** What the exercise asks **
Word for word, repeat the data that follows. Do not include the pictures.

** Data block **
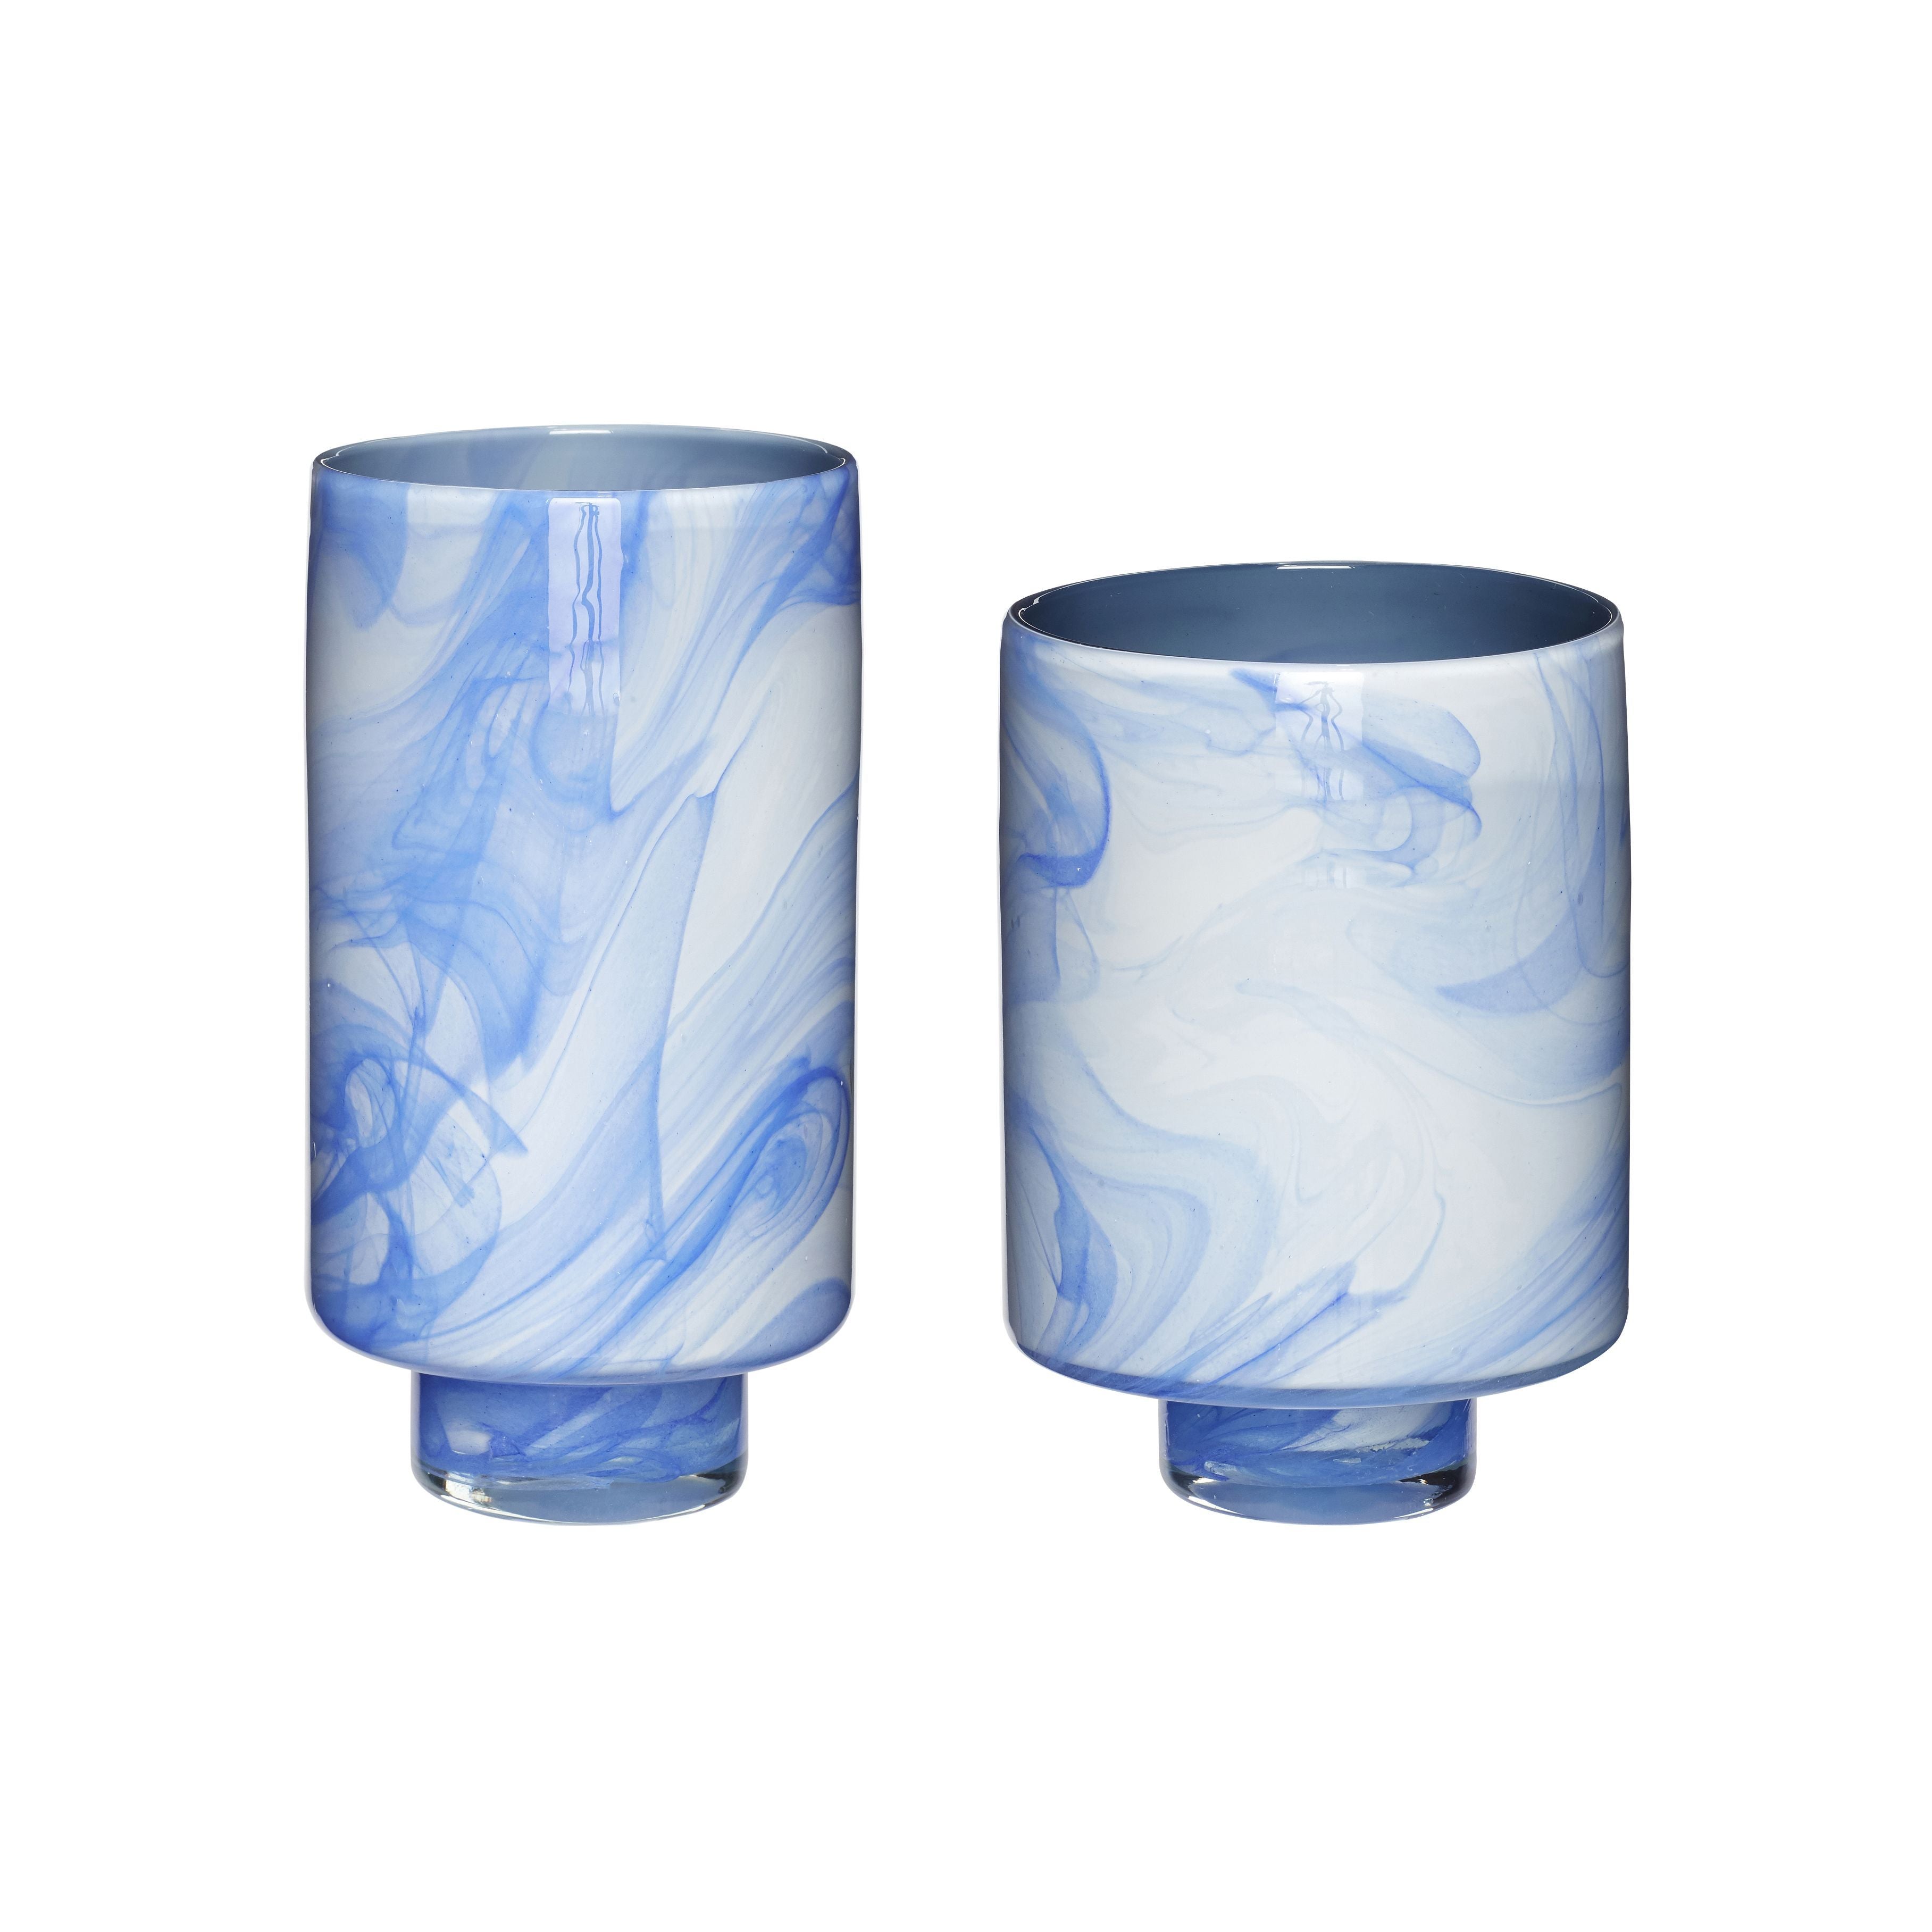 Hübsch云花瓶玻璃白/蓝色S/2
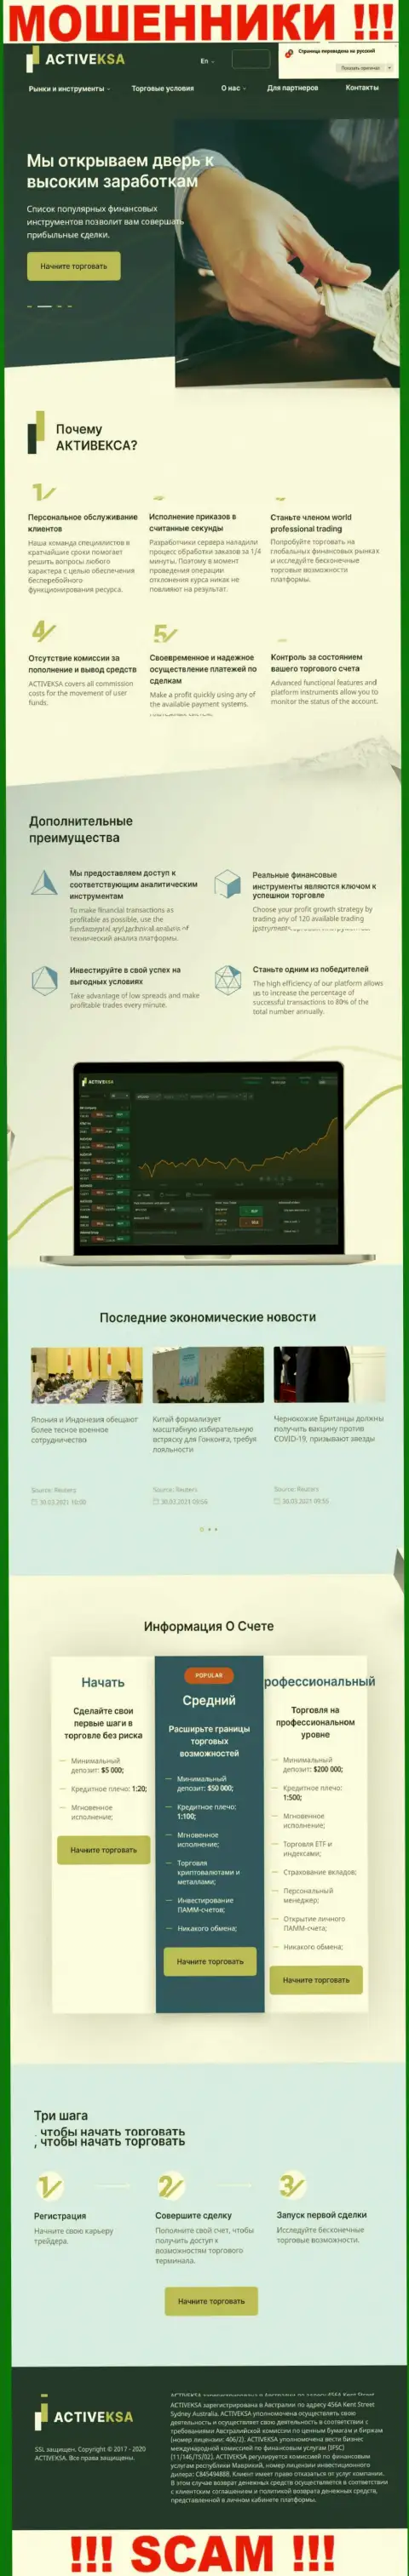 Activeksa Com - это официальный сайт интернет шулеров Активекса
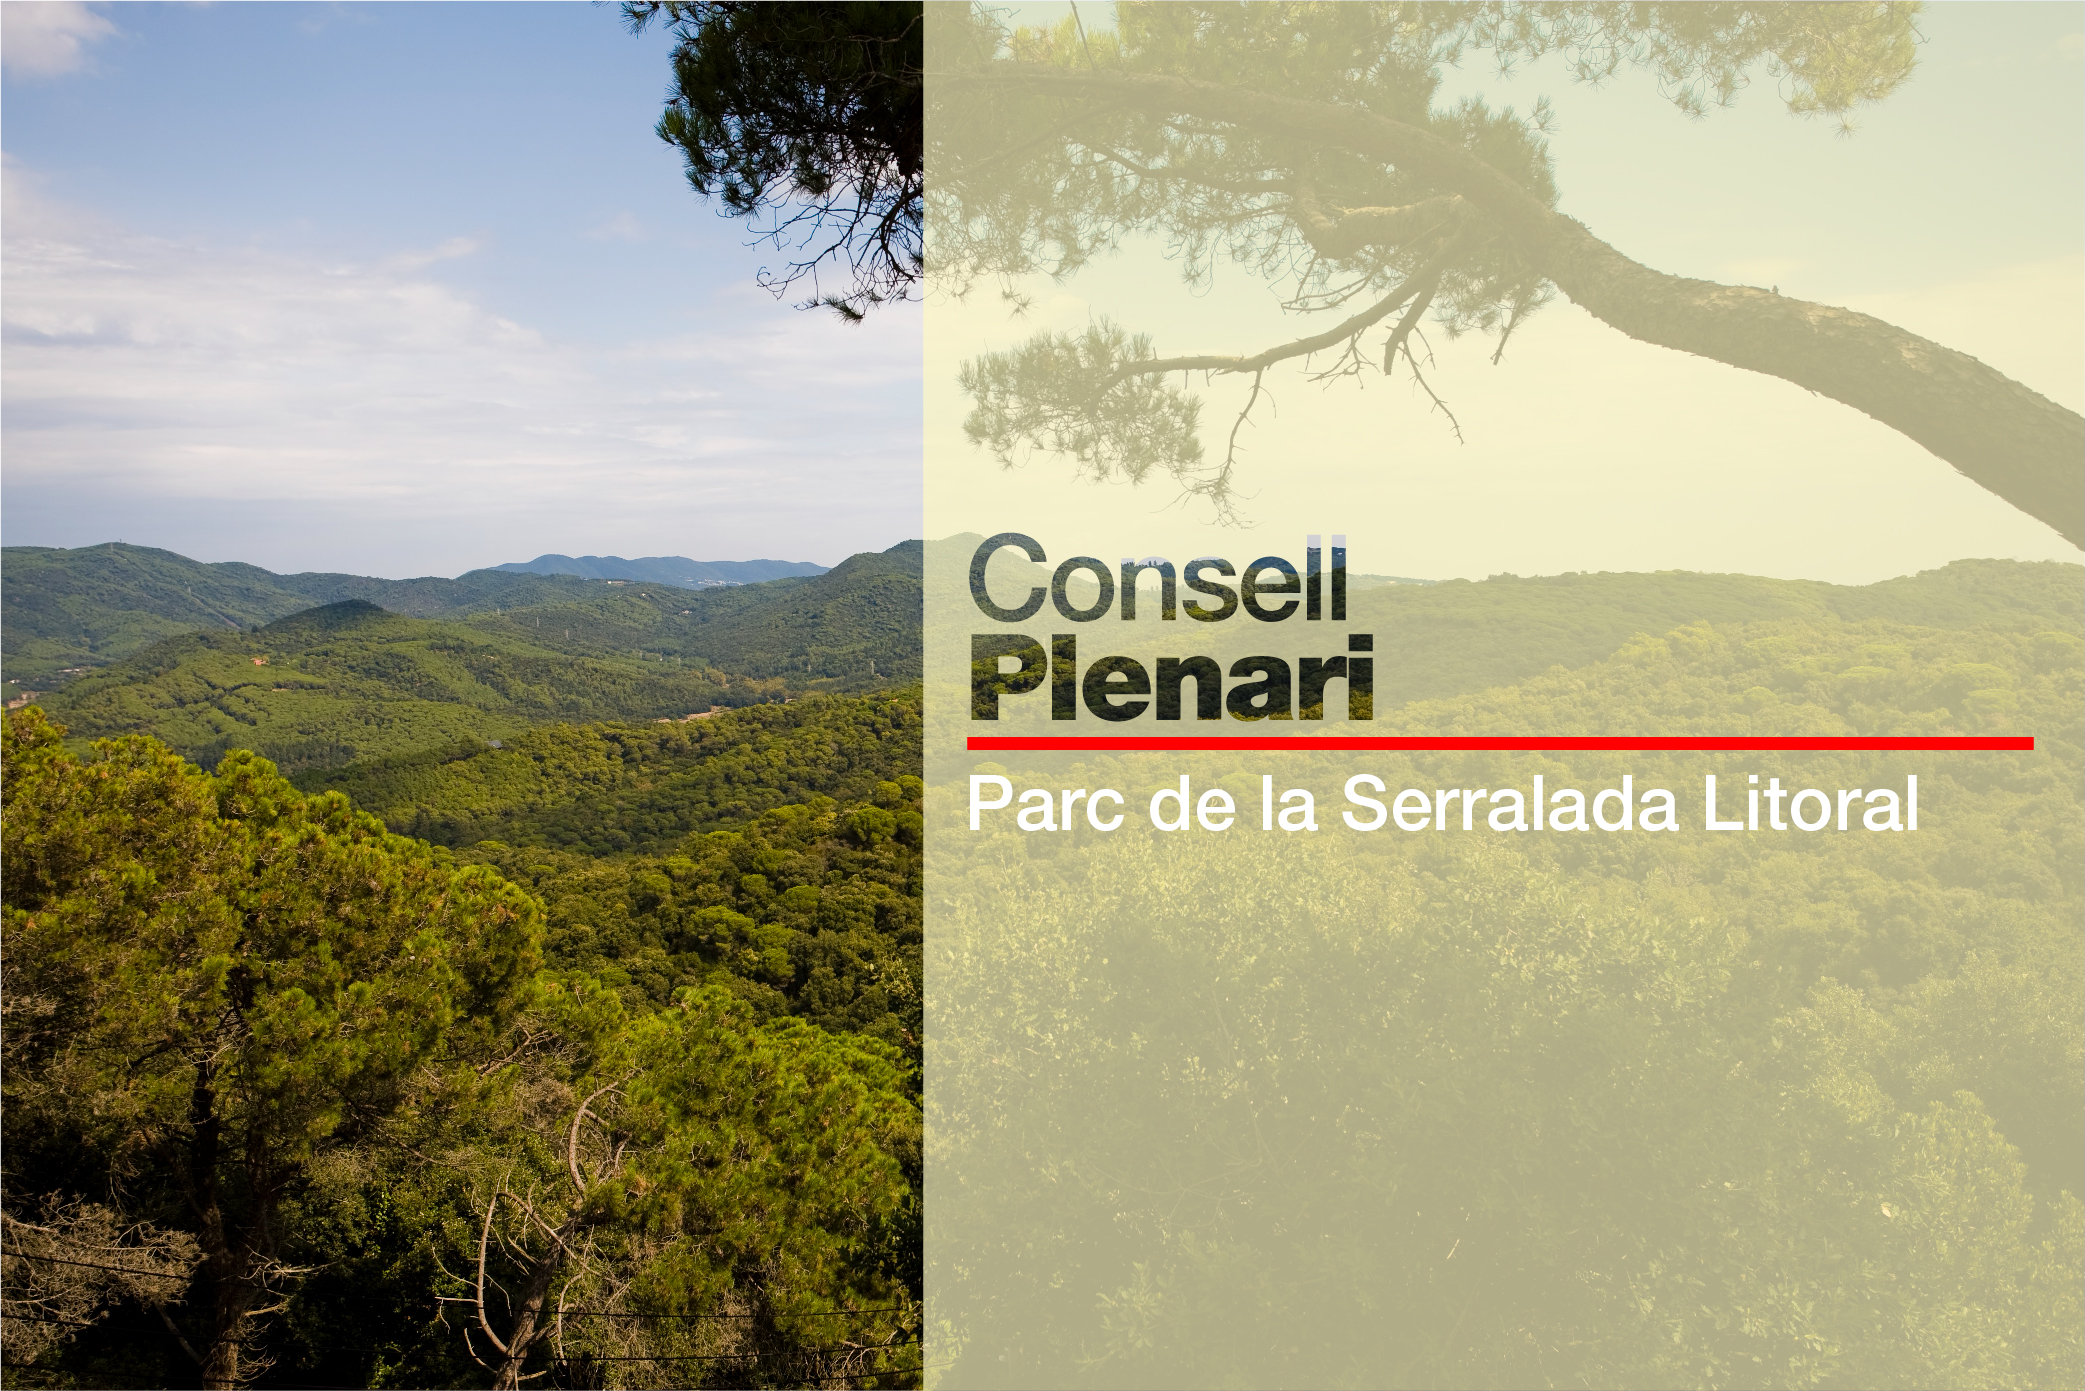 Consell Plenari del Consorci del Parc de la Serralada Litoral
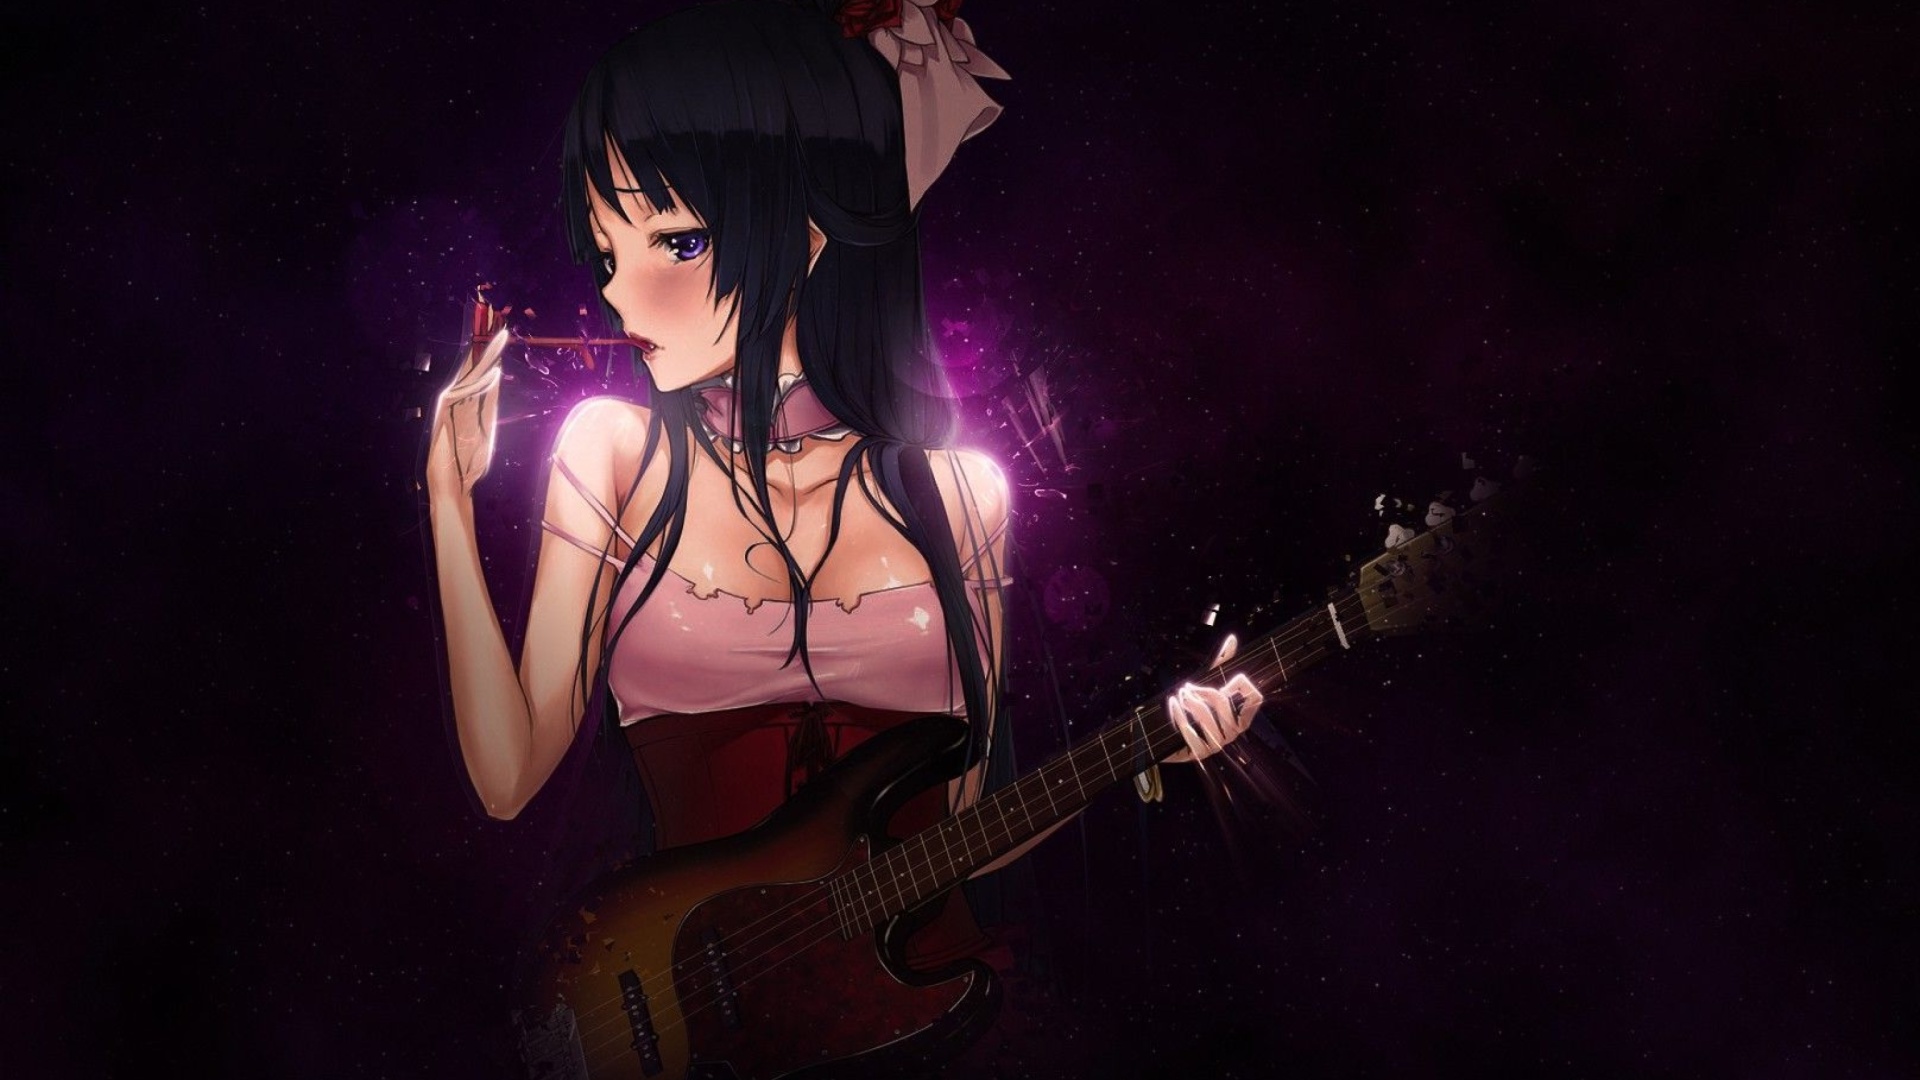 Обои Anime Girl with Guitar 1920x1080

** Worked solution **
 Hübsch云花瓶玻璃白/蓝色S/2
 Activeksa Com - это официальный сайт интернет шулеров Активекса
 Consell Plenari del Consorci del Parc de la Serralada Litoral
 Обои Anime Girl with Guitar 1920x1080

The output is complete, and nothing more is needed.